Here are a few titles from my 2018 reading:  The Music Shop, by Rachel Joyce; The Exact Nature of Our Wrongs, by Janet Peery; In the Midst of Winter, by Isabel Allende; and a blast from the past, Birdy, by William Wharton.

The Wool Season

Mike and I spent the winter solstice eve at a special "Here Comes the Sun" performance by Molly Moon and Riley O'Conner as a benefit for new solar panels on the roof of the Purple Porch Food Co-op--how crunchy is that? This was a fun evening, followed by a fresh snow on Christmas Eve that left us with about eight lovely white inches on the ground. Now, a few days later, we are staying warm indoors as the temperatures go into digits minus zero.  Winter in northern Indiana is a time for making things with wool.

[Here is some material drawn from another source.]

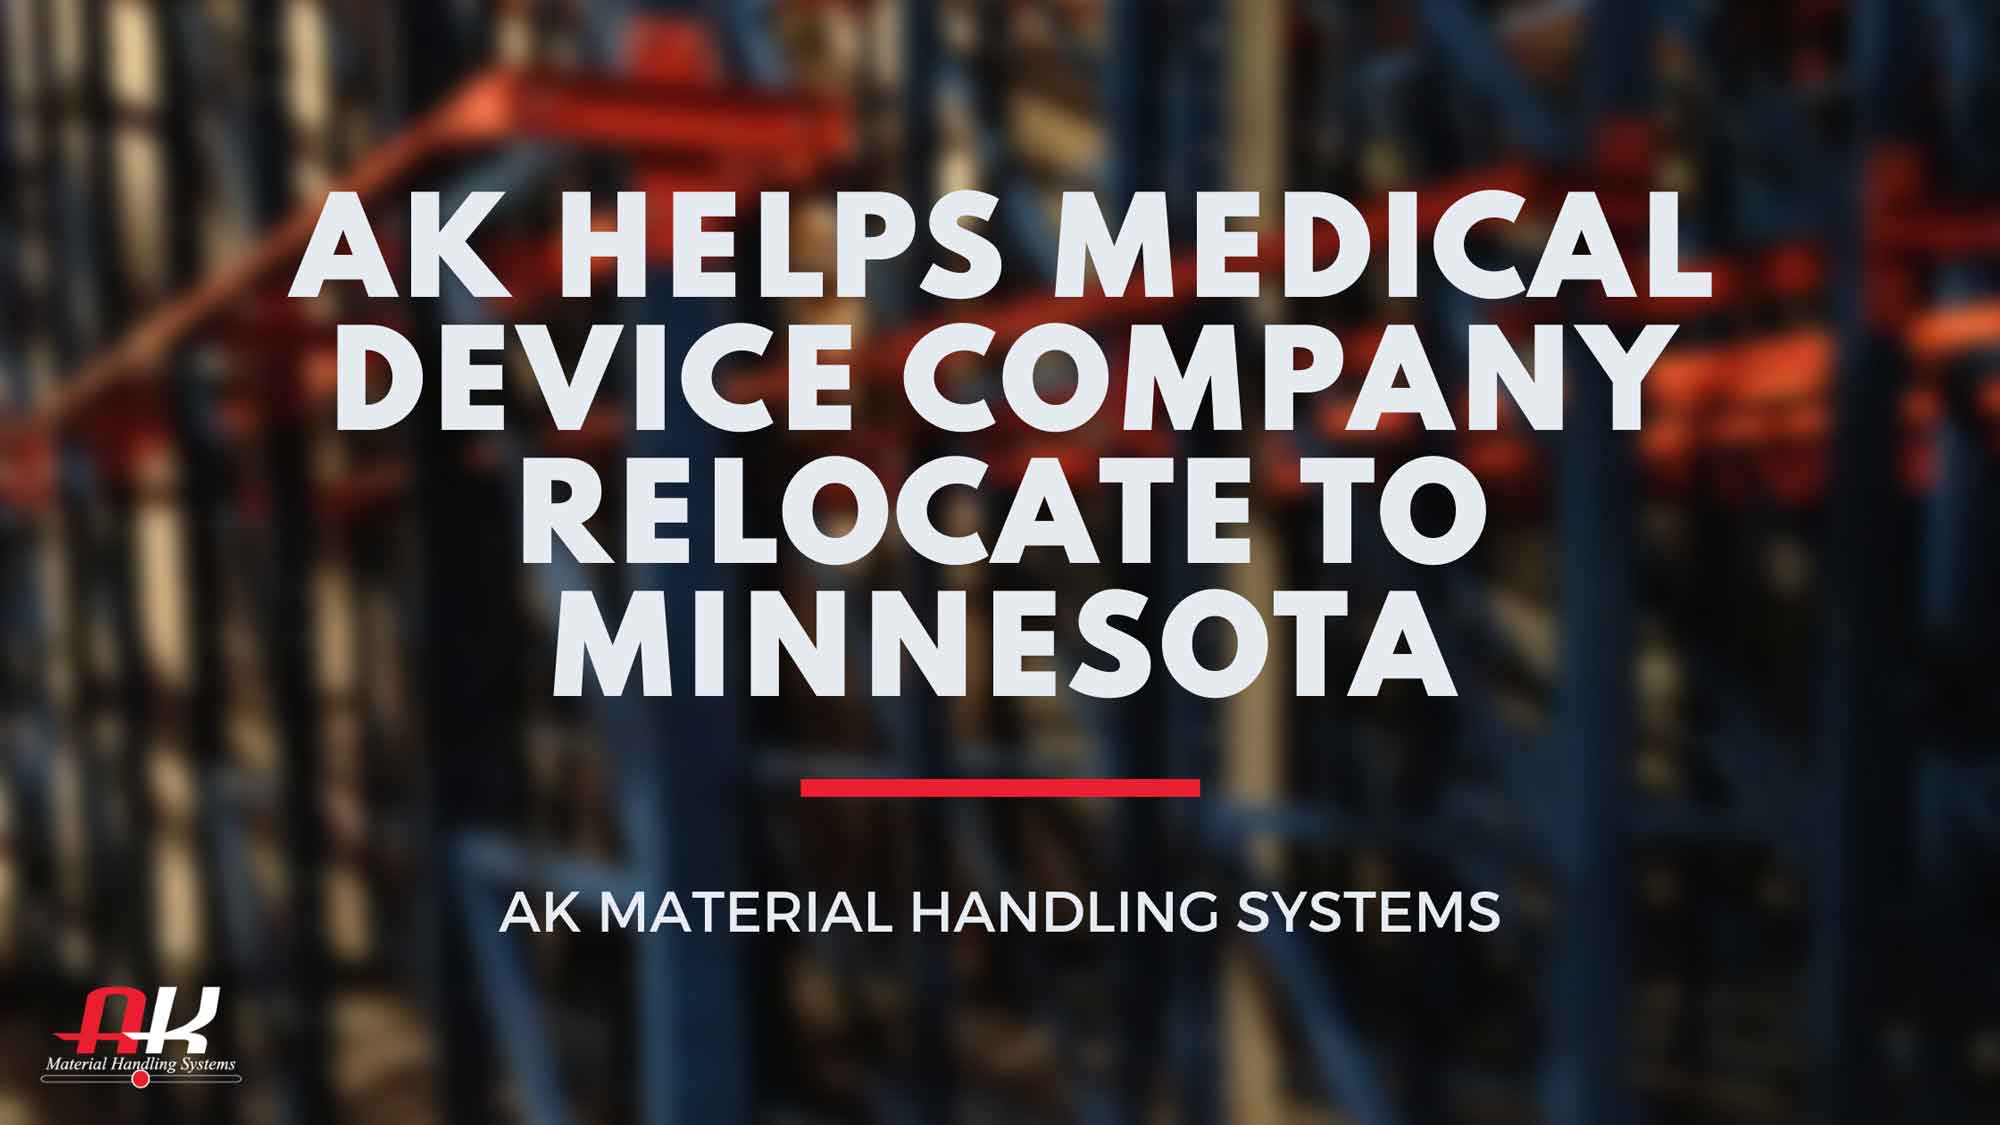 AK helps medical device company relocate to Minnesota.
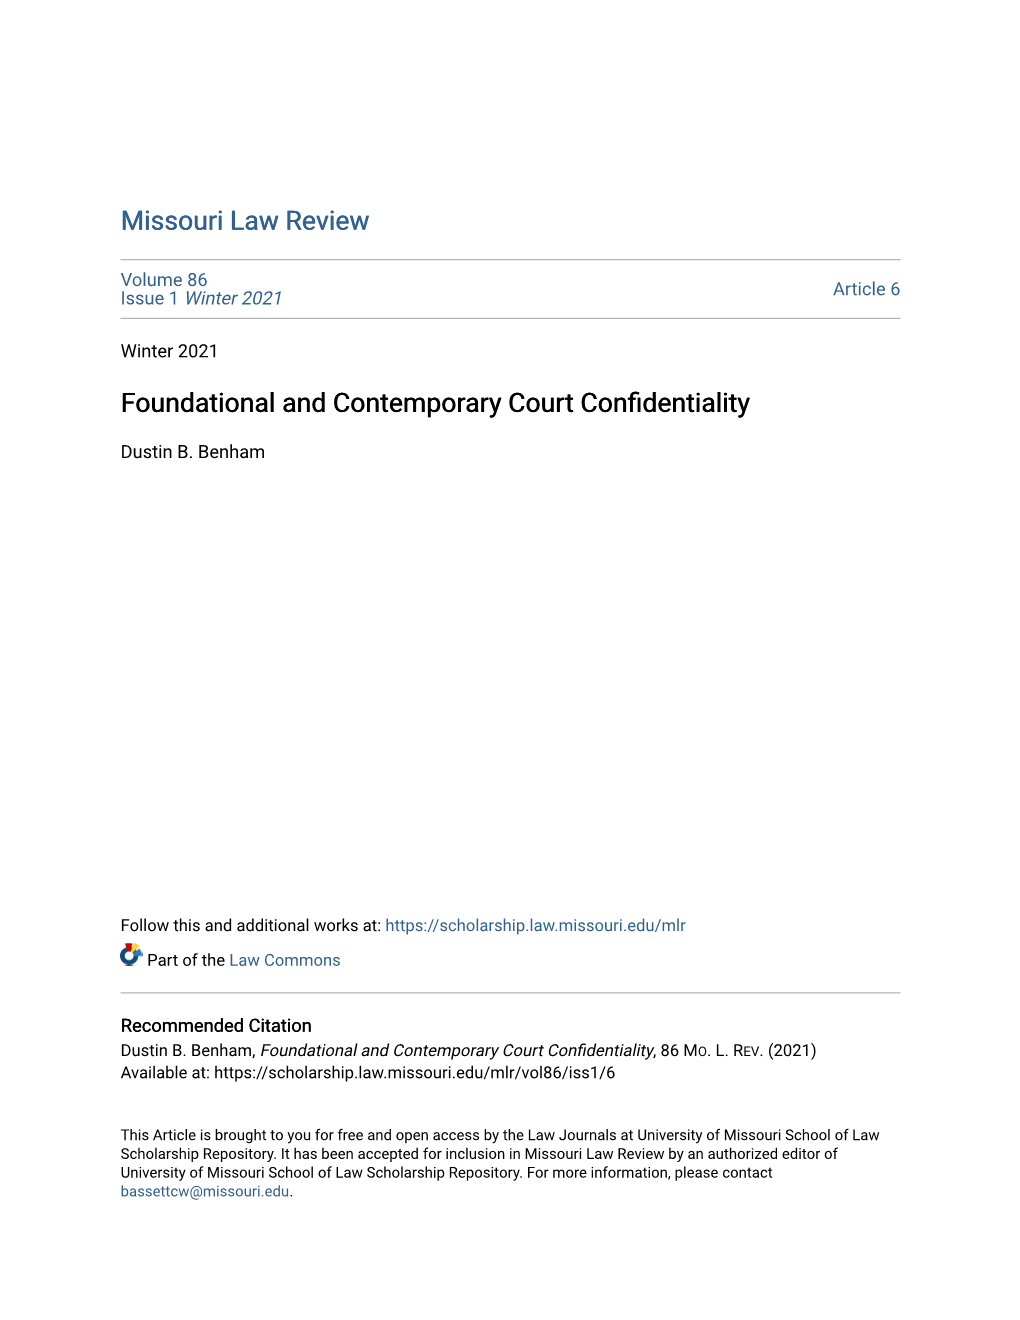 Foundational and Contemporary Court Confidentiality

I like to have some portable projects for when I am a passenger in the car, or just watching the news or a movie at home.  I unearthed a horde of single and damaged work gloves in my parent's basement and then cut them in half and embroidered them to tweedy whole cloth with wool tapestry yarn.  Who knows why so many gloves were saved (there are dozens, all colors, sizes and fibers), or what possible purpose they were intended for, but here I am, finding a purpose for them! These are evidence of the power of depression-era thinking. I know I have not yet found them all.  Many of my friends have passed on to me other textile caches, found when they eventually needed to empty the family home for sale.  Those are artifacts often loaded with memory and grief, but these gloves, they' re just wacky.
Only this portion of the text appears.